I am one of the Gnomers who has been following this issue, and was also present at one of the irc conversations with the Napster people. I've done a little writeup of the events, which I'm hoping will help set the record straight.
The writeup is here, posted on Advogato. As usual, anyone can read, but posting is restricting to free software developers.
LILO boot: linux init=/usr/bin/emacs
If you poke around the link listed under "slashdot parent andover.net files for IPO", or whatever it is that the link says, you can find this. Looks like around 11 million? But who knows how much more if Andover successfully offers, and the stock price rises.
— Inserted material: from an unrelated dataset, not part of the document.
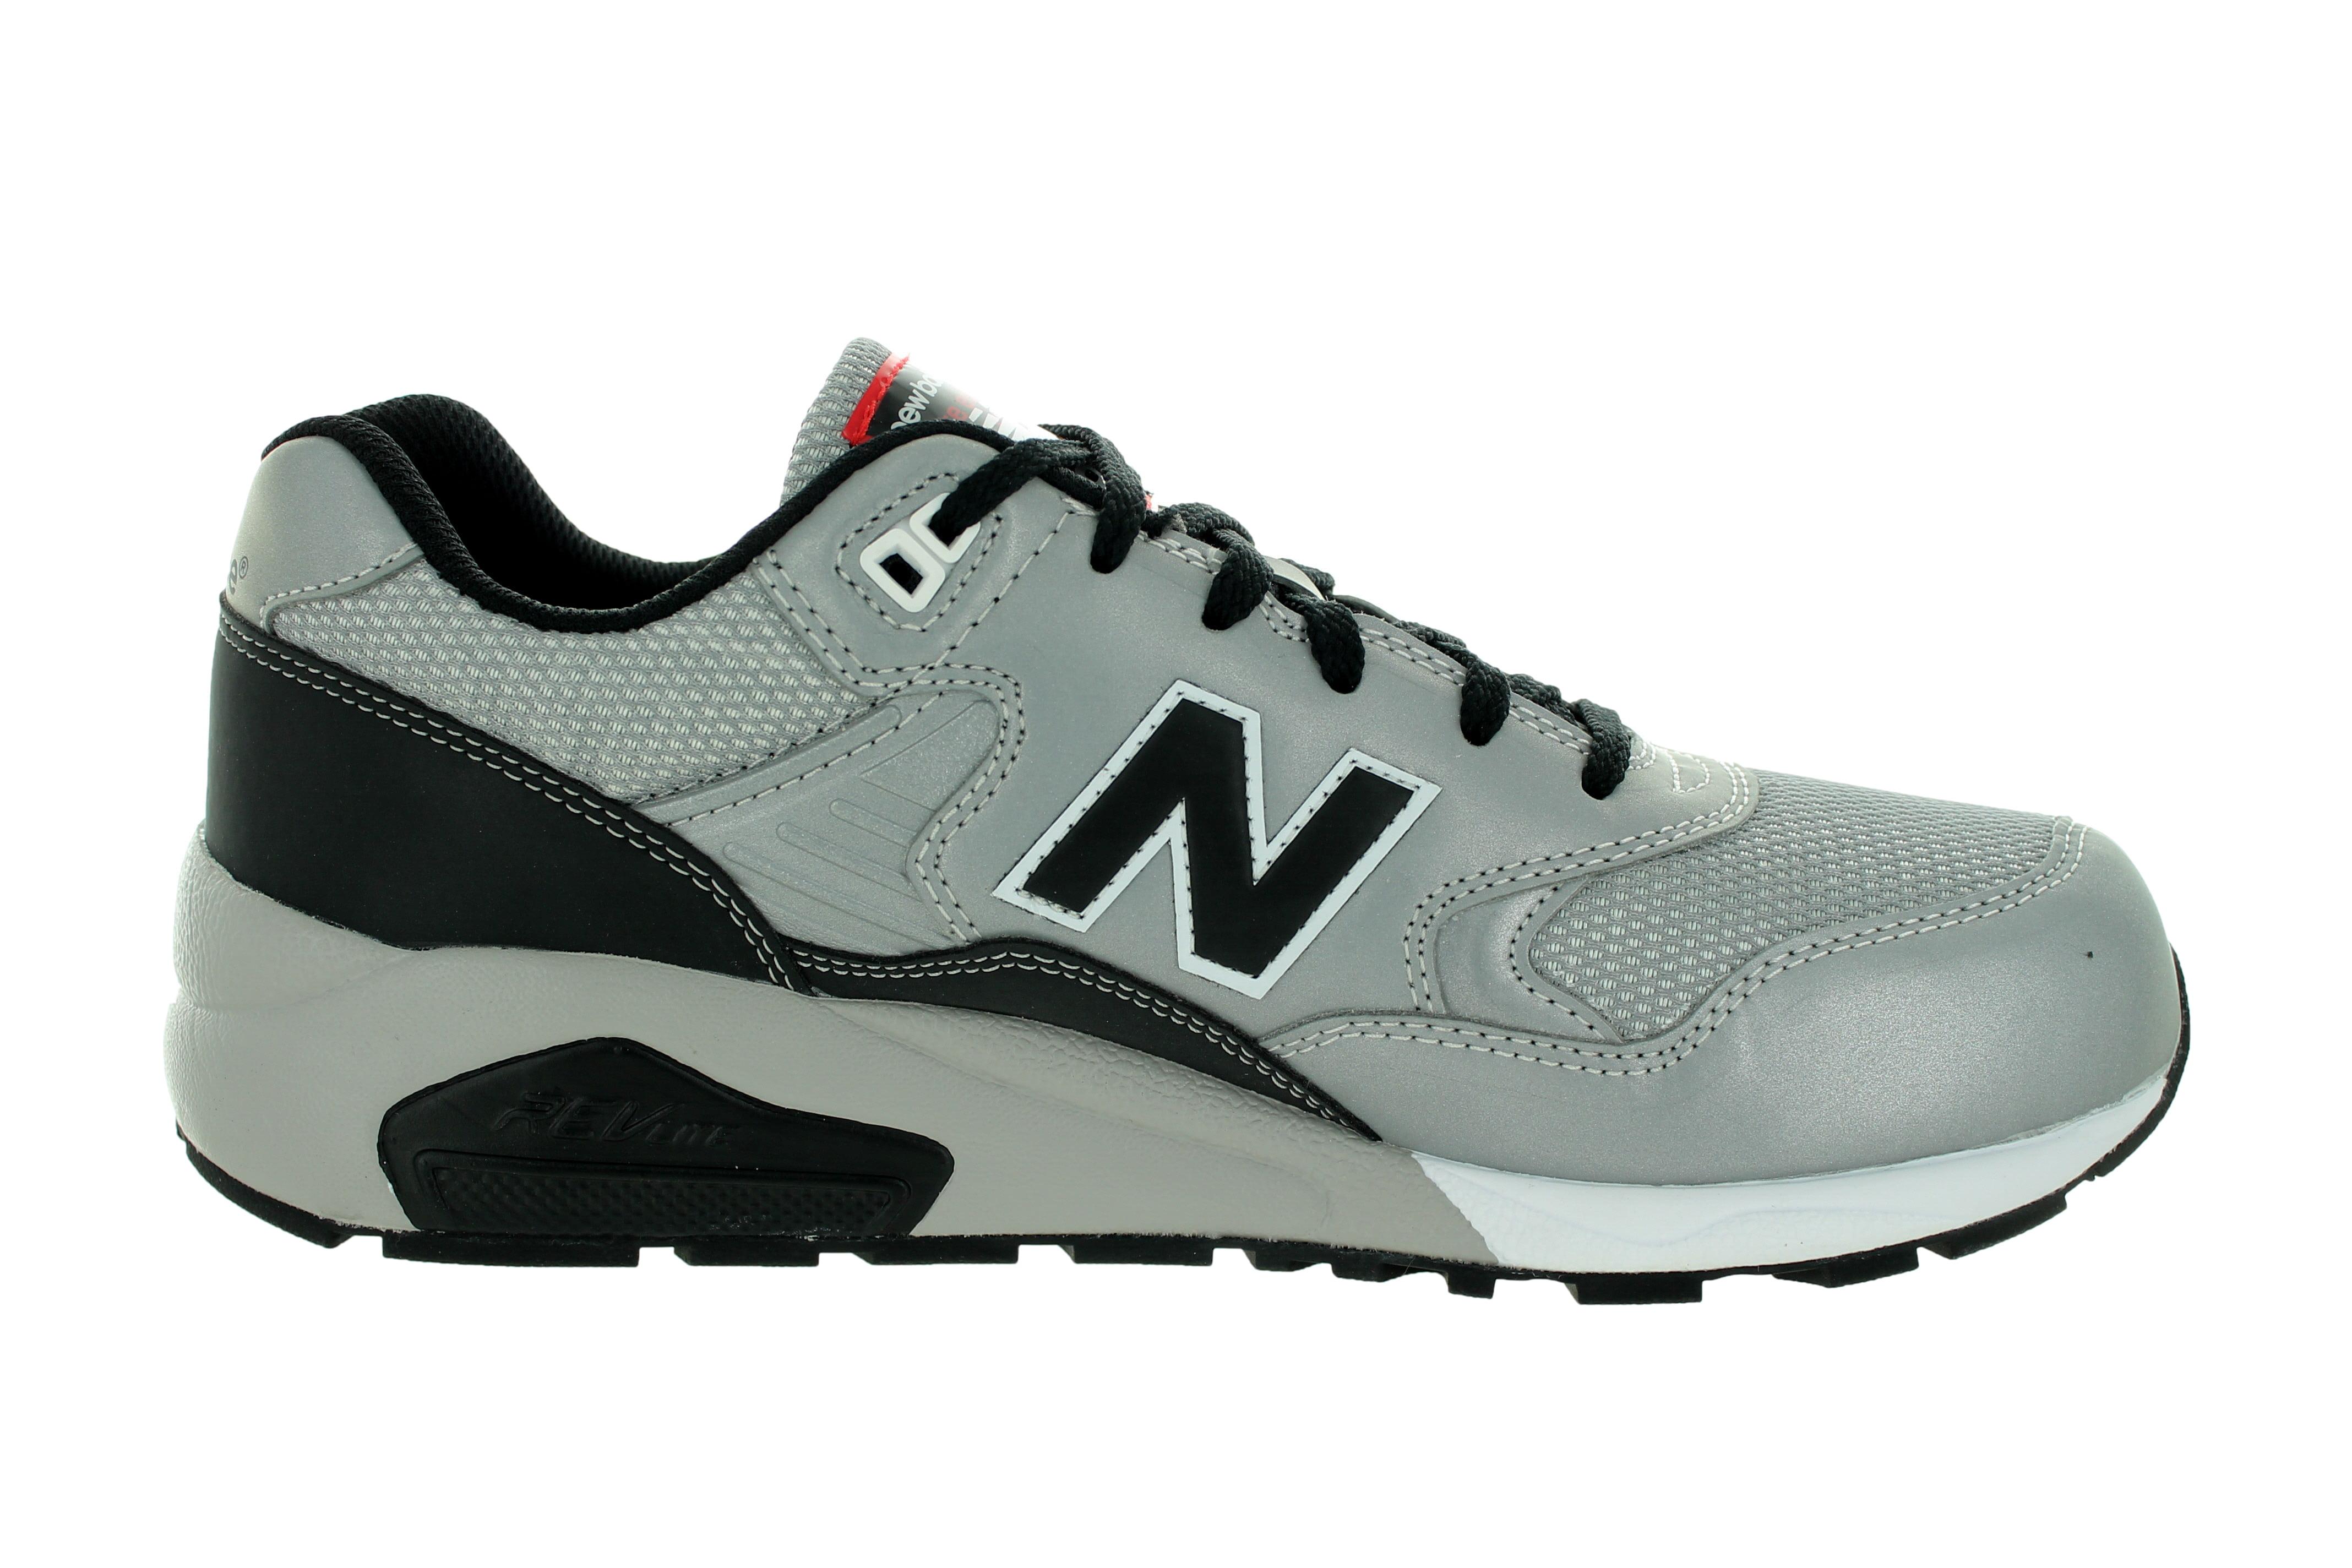 New Balance Men's 580 Lifestyle Running Shoe

Slashdot.org Purchase Agreement
Under the terms of the Asset Purchase Agreement between BlockStackers, Inc. and Andover.Net, dated as of June 18, 1999,
Andover.Net purchased those assets of BlockStackers relating to the Slashdot.org web site for 1.5 million in cash paid at closing
and maximum future cash payments of $3.5 million payable over the next two years contingent on the continued employment of
two key employees. Maximum future stock consideration of $7.0 million is payable over a period of two years following this
offering. For the purposes of these issuances, the number of shares of common stock to be issued is determined using an assumed
initial public offering price of $13.50 per share. Thus, the total consideration that will be paid is valued at $8.5 million and the
maximum contingent consideration payable is $3.5 million. All consideration has been or will be paid to BlockStackers. The number
of shares paid is contingent on the continued employment of two key employees and the achievement of performance milestones
relating to traffic on the web site.
*
148,148 shares issuable upon the closing of this offering;
*
74,074 shares issuable seven months after the closing of this offering;
*
49,383 shares issuable 12 months after the closing of this offering;
*
98,763 shares issuable 12 months after the closing of this offering provided that the milestones in the agreement have been
met;
*
49,383 shares issuable 24 months after the closing of this offering; and
*
98,765 shares issuable 24 months after the closing of this offering provided that the milestones in the agreement have been
met.
Pursuant to this purchase agreement, BlockStackers also agreed not to compete with Andover.Net or to solicit its personnel,
customers or suppliers. Specifically, BlockStackers may not compete with Andover.Net, its subsidiaries or affiliates by engaging
in any business that involves a real-time or contemporaneous news web site until June 28, 2004. Prior to June 28, 2001,
BlockStackers may not solicit personnel, customers or suppliers from Andover.Net, its subsidiaries or affiliates. Mr. Malda, a
director of Andover.Net, owns 25% of BlockStackers. Mr. Malda, the President and co-founder of BlockStackers, was a web site
manager of BlockStackers, running Slashdot.org. Mr. Malda continues to run Slashdot.org as a web site manager and editor of
Andover.Net.
Obviously they're too busy trying to ride the wave they've created to worry about something as trivial as security.